Instructions to follow -
Copying nothing before it, reproduce the line that holds "39a3c22c9414 Купить рюкзак" and every line after it in the data, exactly.

Records from a data collection -
=== Section Start ===
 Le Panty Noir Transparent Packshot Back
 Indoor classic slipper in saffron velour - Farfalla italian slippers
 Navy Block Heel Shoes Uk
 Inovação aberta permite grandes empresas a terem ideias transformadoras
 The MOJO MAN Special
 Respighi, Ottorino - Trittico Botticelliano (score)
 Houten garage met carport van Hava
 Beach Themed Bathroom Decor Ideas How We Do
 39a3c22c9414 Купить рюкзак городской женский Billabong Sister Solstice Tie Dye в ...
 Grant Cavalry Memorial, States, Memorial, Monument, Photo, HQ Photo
=== Section End ===
Result of this exercise -
 39a3c22c9414 Купить рюкзак городской женский Billabong Sister Solstice Tie Dye в ...
 Grant Cavalry Memorial, States, Memorial, Monument, Photo, HQ Photo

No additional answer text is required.